**GIVEN INFORMATION:**

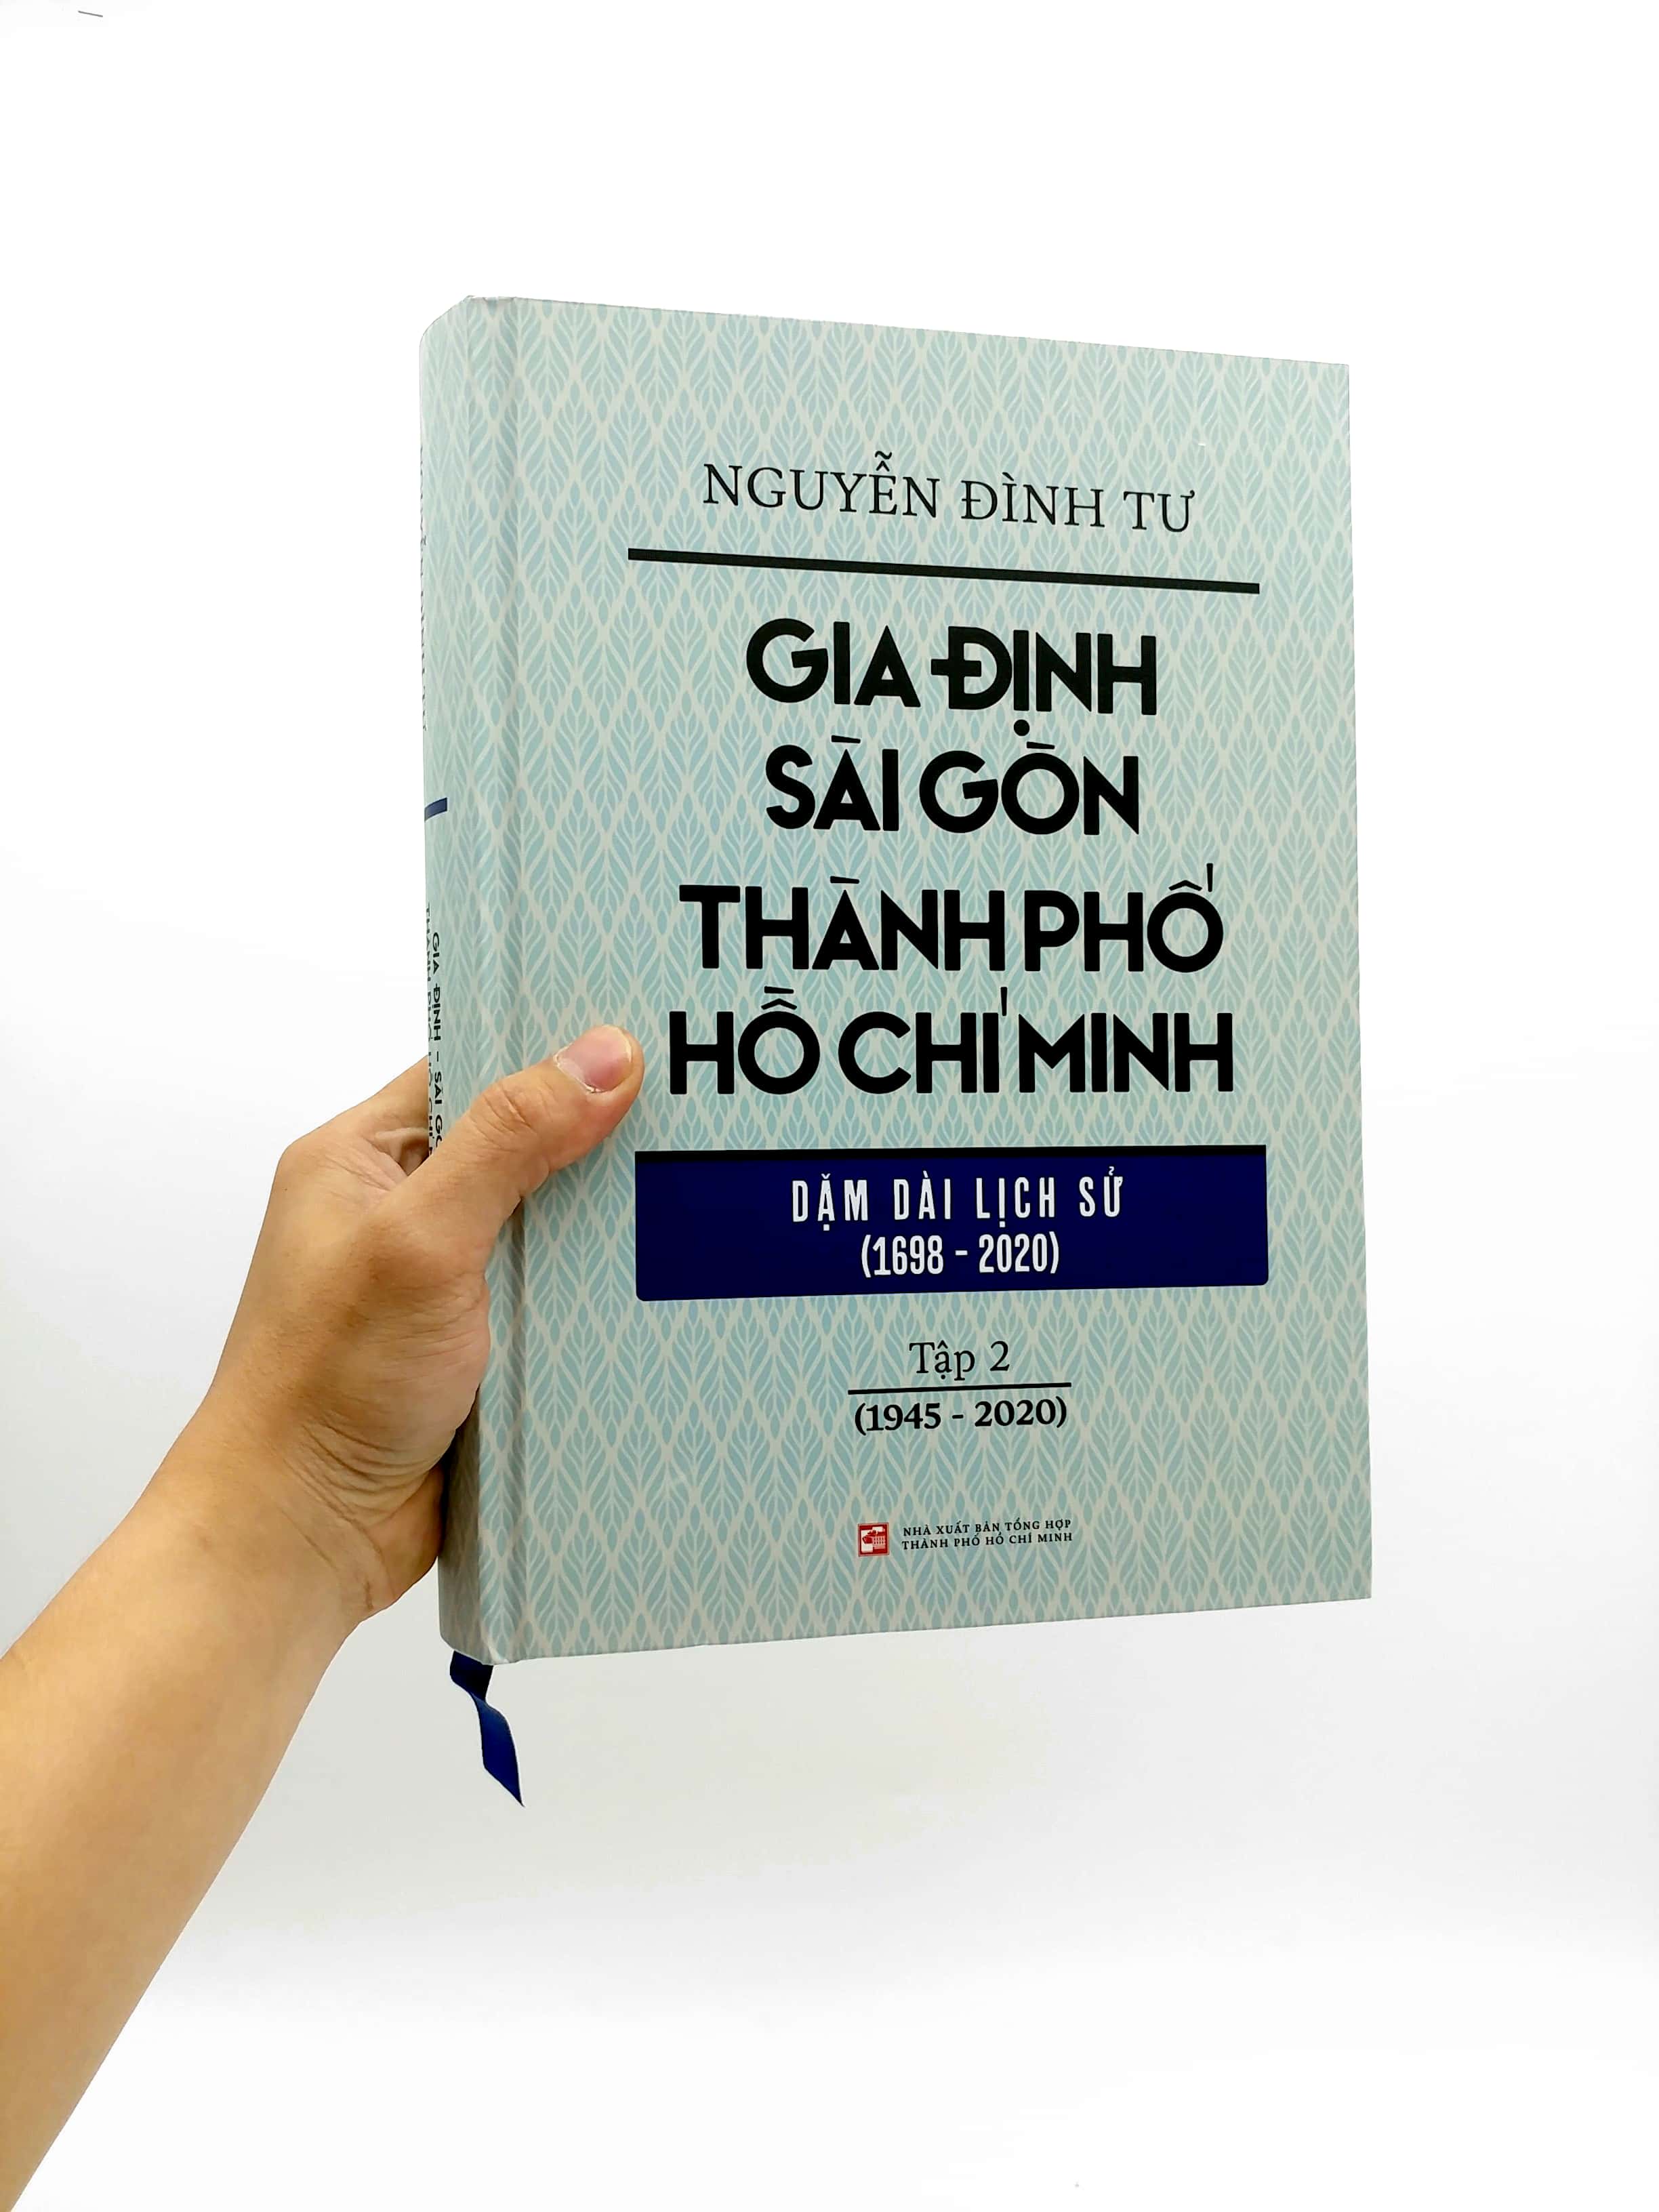 Gia Định - Sài Gòn - Thành Phố Hồ Chí Minh: Dặm Dài Lịch Sử 1698 - 2020 -Tập 2 - 1945 - 2020 PDF
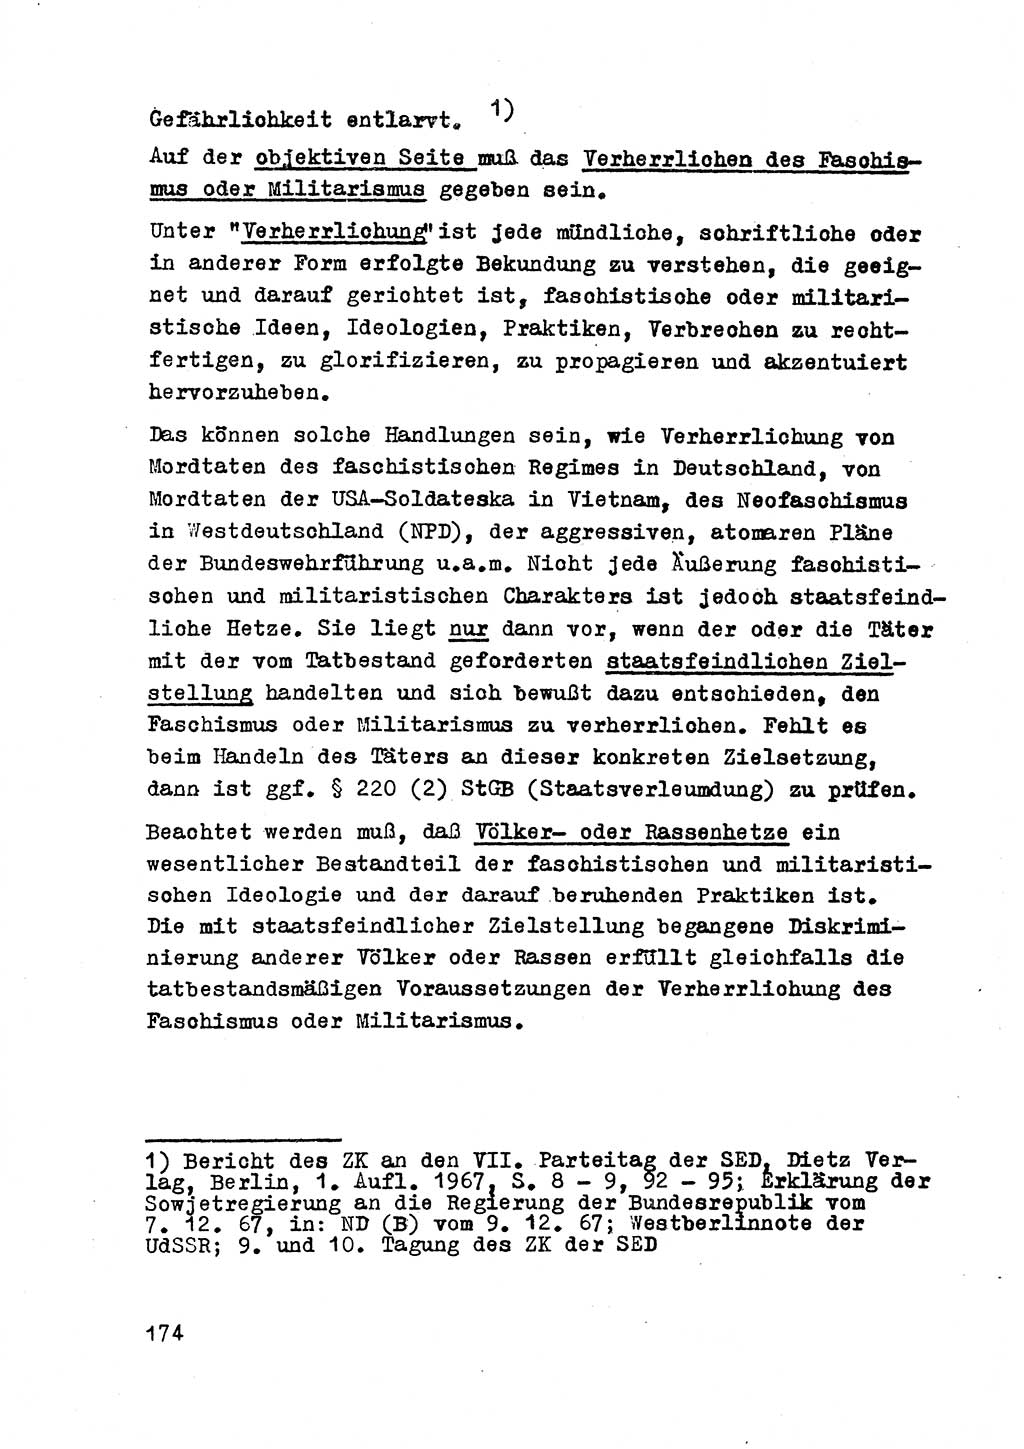 Strafrecht der DDR (Deutsche Demokratische Republik), Besonderer Teil, Lehrmaterial, Heft 2 1969, Seite 174 (Strafr. DDR BT Lehrmat. H. 2 1969, S. 174)
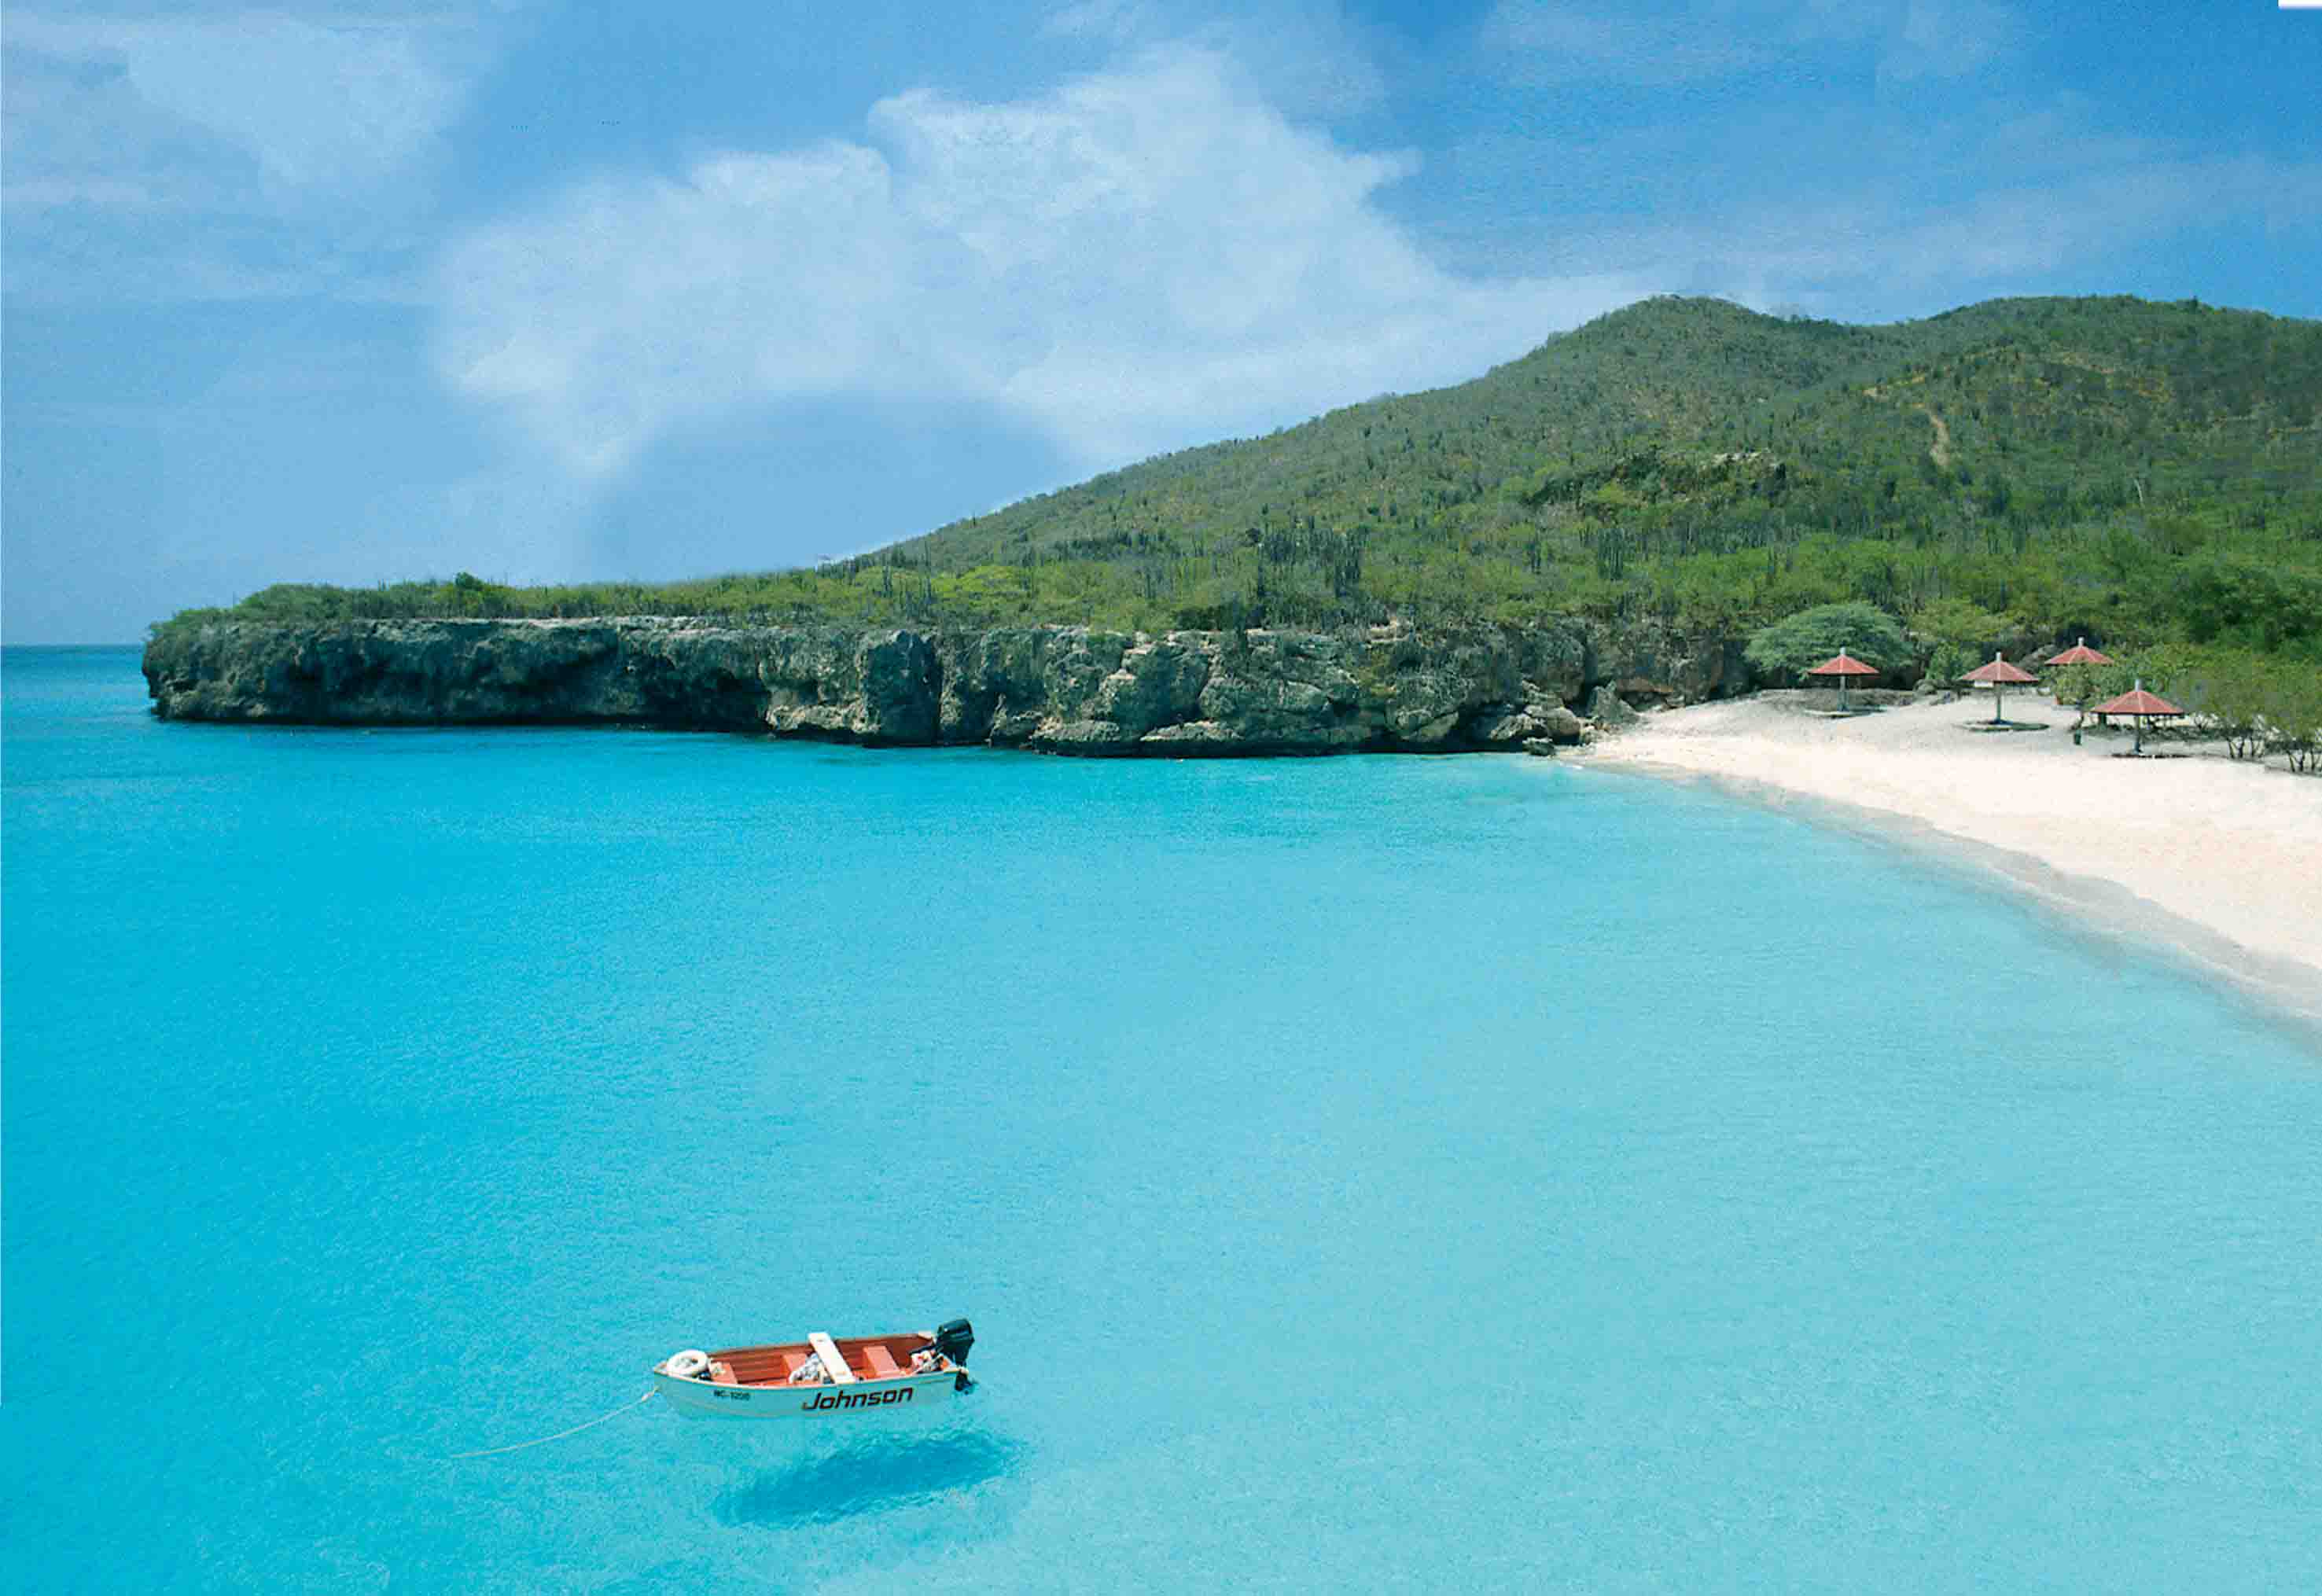 Qué ver en el Caribe - Turismo.org

**ASSIGNED TASK:**
For the material above, repeat each line exactly and leave out the pictures.

**WRITTEN RESPONSE:**
 Gia Định - Sài Gòn - Thành Phố Hồ Chí Minh: Dặm Dài Lịch Sử 1698 - 2020 -Tập 2 - 1945 - 2020 PDF
 Strafrecht der DDR (Deutsche Demokratische Republik), Besonderer Teil, Lehrmaterial, Heft 2 1969, Seite 174 (Strafr. DDR BT Lehrmat. H. 2 1969, S. 174)
 Qué ver en el Caribe - Turismo.org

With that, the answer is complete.